Discovory and Applicatios

4-tert-Butoxystyrene is an organic compound that is primarily used as a monomer in the production of polymers and copolymers. It is a derivative of styrene, where the hydrogen atom at the para-position of the benzene ring is replaced by a tert-butoxy group (–OC4H9). The tert-butoxy group provides steric hindrance, which can influence the reactivity and properties of the compound, particularly in polymerization reactions.

The discovery of 4-tert-butoxystyrene can be traced to the broader investigation of substituted styrenes, which have been studied for their ability to undergo polymerization reactions. Substituted styrenes, including 4-tert-butoxystyrene, have attracted attention due to their ability to yield polymers with unique properties compared to unmodified styrene. The tert-butoxy group is particularly useful in controlling the polymerization process and in modifying the solubility, mechanical properties, and thermal stability of the resulting polymers.
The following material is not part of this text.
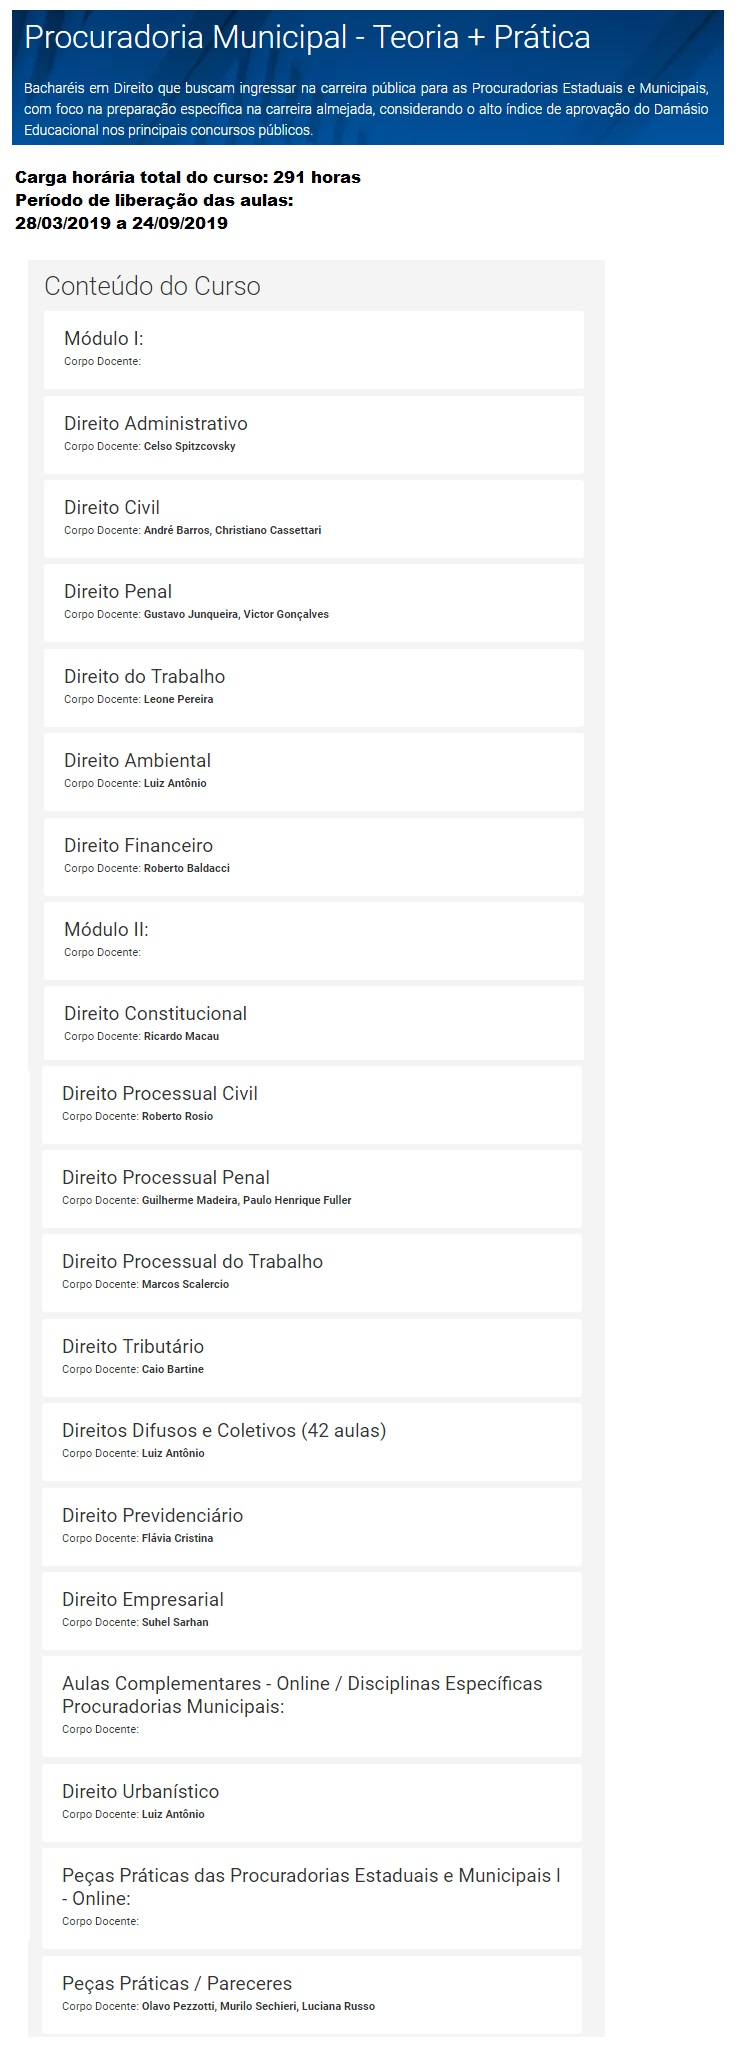 PGM - Procuradoria Geral Municipal - Teoria e Prática (Damásio 2019) 4

4-tert-Butoxystyrene is commonly synthesized by the electrophilic aromatic substitution of styrene with tert-butyl alcohol in the presence of an acid catalyst, such as sulfuric acid. The reaction selectively introduces the tert-butoxy group at the para-position of the styrene ring. This synthesis route has been extensively studied and is well-established in organic chemistry. In addition, the use of tert-butyl peroxides as initiators in polymerization reactions is a typical method for producing polymers from 4-tert-butoxystyrene.

One of the main applications of 4-tert-butoxystyrene is in the production of high-performance polymers. The presence of the bulky tert-butoxy group can impart desirable properties to the polymer, such as increased thermal stability, enhanced solubility in nonpolar solvents, and improved mechanical strength. Polymers made from 4-tert-butoxystyrene are often used in coatings, adhesives, and composite materials. These materials are useful in industries ranging from automotive to electronics, where high-performance materials with tailored properties are required.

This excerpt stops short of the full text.